As the world continues to deal with the COVID-19 pandemic, alarms have started to be raised concerning another deadly disease — cases of monkeypox have been identified in several countries in Europe and North America, as well as in Australia.

From the same family as smallpox, monkeypox is endemic to Central and West Africa, but alarm is being raised as it spreads to countries where the populations have little exposure and thus no built-up immunity to the disease.

Images from Africa are being used to report on non-African outbreaks.

Monkeypox, which causes fevers, aches, and distinctive rashes, can be deadly, especially in regions such as Europe and North America, where citizens have little resistance against the disease. Older people in these regions who have had past smallpox vaccinations may have partial immunity to the disease, The New York Times reports, but younger people without such vaccination history are at greater risk. Although the initial European infection is believed to be traced to a traveler from Nigeria to the U.K., according to the UK Health Security Agency, the other Western cases do not have an obvious connection to Africa. Nevertheless, images of African bodies with rashes have dominated Western coverage of the outbreak.

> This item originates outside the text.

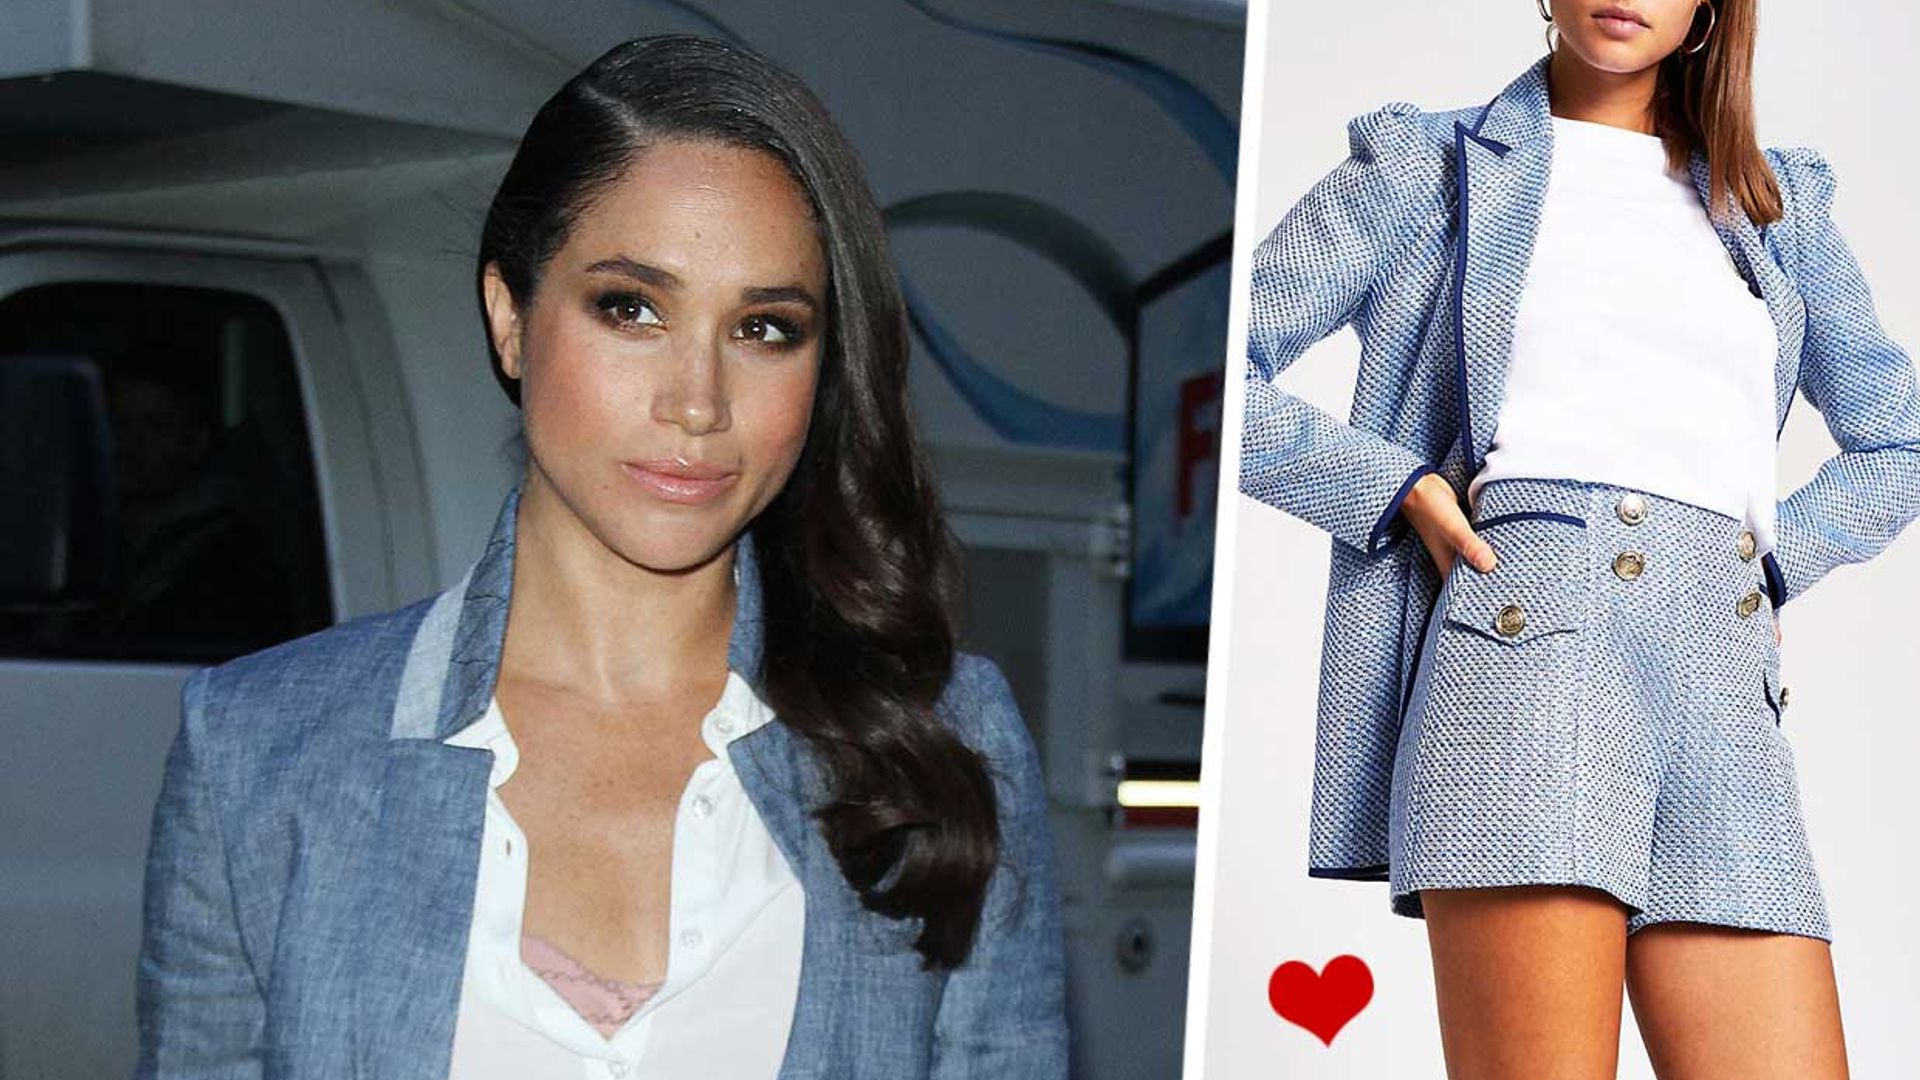 River Island's new blue suit reminds us of Meghan Markle's outfit for the Today show

“The outbreak is in Europe not in Africa,” noted Twitter uses Hashi, MD, “but the racist western media couldn’t help themselves but to use African images to denote ‘Monkey pox’.”

Homophobic rumors about the outbreaks have proliferated.

In addition to the racial imagery surrounding the current monkeypox outbreak, LGBTQ communities have also been the subject of speculation surrounding the current outbreak. Because four of the initial people to test positive for monkeypox in the U.K. were self-identified men who have sex with men (MSM), rumors and half-truths have spread online, blaming the outbreak on sexual activity between men. The United Nations has warned that current coverage and discourse surrounding the outbreak could “reinforce homophobic and racist stereotypes and exacerbate stigma” against Black and/or LGBTQ individuals, Al Jazeera reports.

There is a long trend of scapegoating in response to disease.

Blaming minority and marginalized communities for disease outbreaks is nothing new. Gay men and people from Africa have been stigmatized in regard to HIV/AIDS since the 1980s. After it became known that the coronavirus that led to the current COVID-19 pandemic likely crossed over to humans in China, Western figures such as former President Donald Trump blamed China and Asians, or people of Asian descent more generally, for the pandemic, and used racist labels such as the “Chinese virus.” Many believe this racist demonization is responsible for the alarming rise in anti-Asian hate crimes in the United States, including deadly attacks and at least one mass shooting. Similarly, the Omicron variant of the virus was labeled the “South Africa variant” after scientists identified it in that country, and travel bans were placed against southern Africa despite the variants’ prevalence in Western nations.

Although Western media continues its trend of problematic reporting, non-Western media has not been compelled to follow its lead. Kenyan news reports, for example, have used images of white people to illustrate the story of the monkeypox outbreak. “Good for Kenya TV,” British Nigerian author and activist Dr Shola Mos-Shogbamimu posted on Twitter. “Show White people with #monkeypox in response to targeted racist tactic of Western media only depicting Africans with monkey pox.”

As Western media continue to paint problematic narratives concerning diseases like monkeypox, such counternarratives will continue to be important.